Set of mythical characters

In Greek mythology, Asius (Ἄσιος, Asios) refers to three people who fought during the Trojan War:

- Asius, son of Hyrtacus, was the leader of the Trojan allies that hailed from, on, or near the Dardanelles. He was a son of Hyrtacus and Arisbe, the latter being first wife of King Priam and daughter of Merops. Asius led the contingent from a cluster of towns on both sides of the Hellespont, including Arisbe, Percote, Abydos and Sestus. This last town was the only one to lie on the European (northern) side of the Dardanelles; the rest were situated on the Asian (southern) side. Asius himself lived in the town of Arisbe, by the river Selleis. Asius had two brothers, named Nisus and Hippocoon, according to Virgil. All three men fought at Troy as allies of King Priam. During the assault on the Achaean wall, Asius was the only soldier not to listen to Hector and Polydamas, and did not dismount from his chariot. Asius was killed by the Cretan king Idomeneus during the assault.
- Asius, a Phrygian leader and son of King Dymas, and brother of Queen Hecuba of Troy.
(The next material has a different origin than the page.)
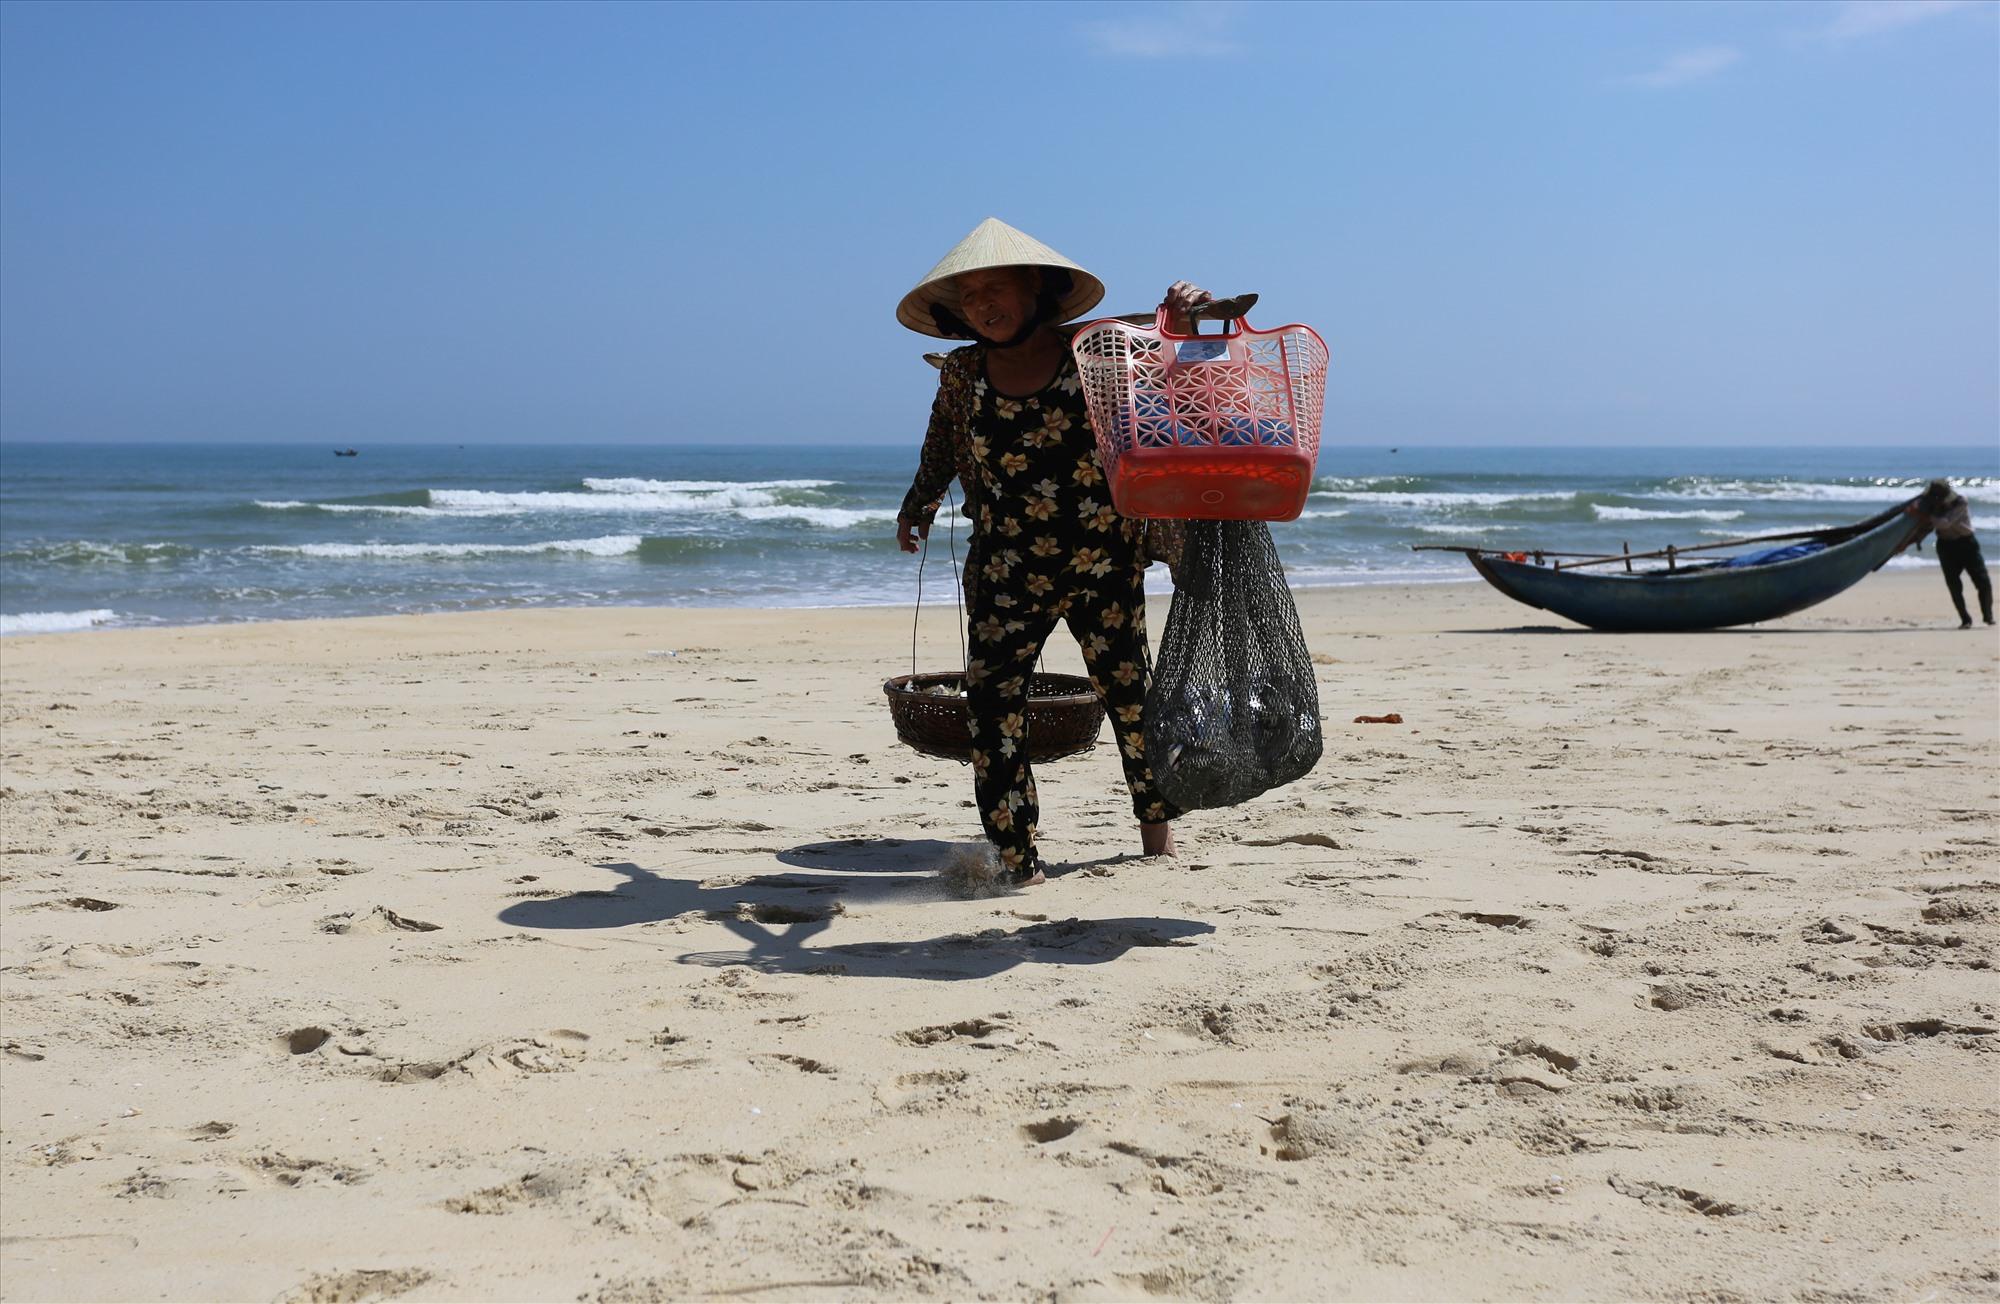 Sau khi gỡ cá từ lưới, ngư dân đưa xuống biển rửa sạch và gánh về nhà. Cá lớn, không bị trầy xước được đem đi bán
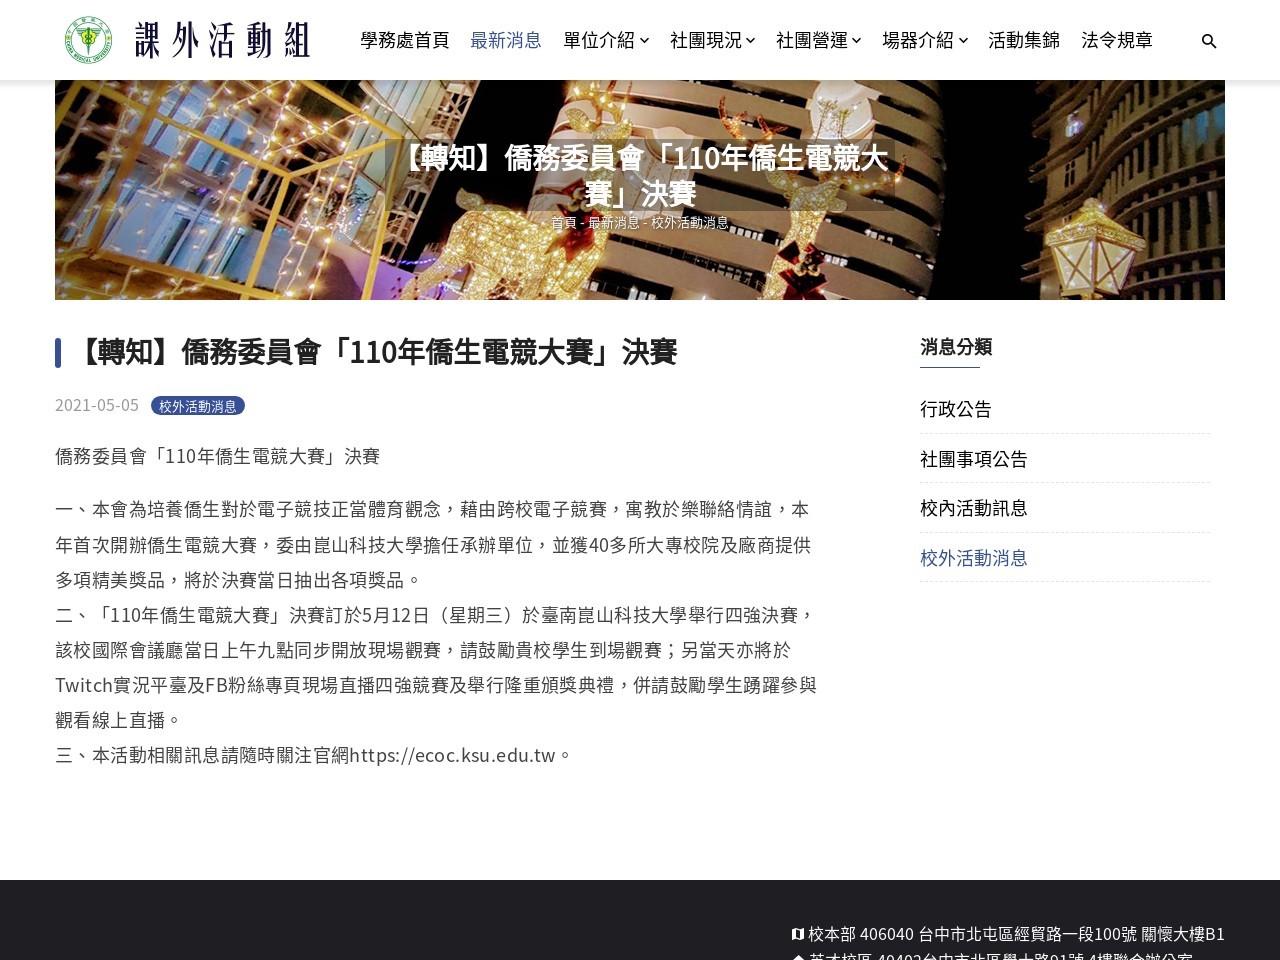 【轉知】僑務委員會「110年僑生電競大賽」決賽

Asius, son of Dymas, belonged to a tribe of Phrygians who lived by the River Sangarius. He had two sons, Adamas and Phaenops. In the Iliad, Apollo is said to have taken Asius's shape to encourage Hector to fight Patroclus. This Asius does not die in the narrative of the Iliad, but Dictys Cretensis says he was killed by Ajax.
- Asius, son of Imbrasus and companion of Aeneas in Italy.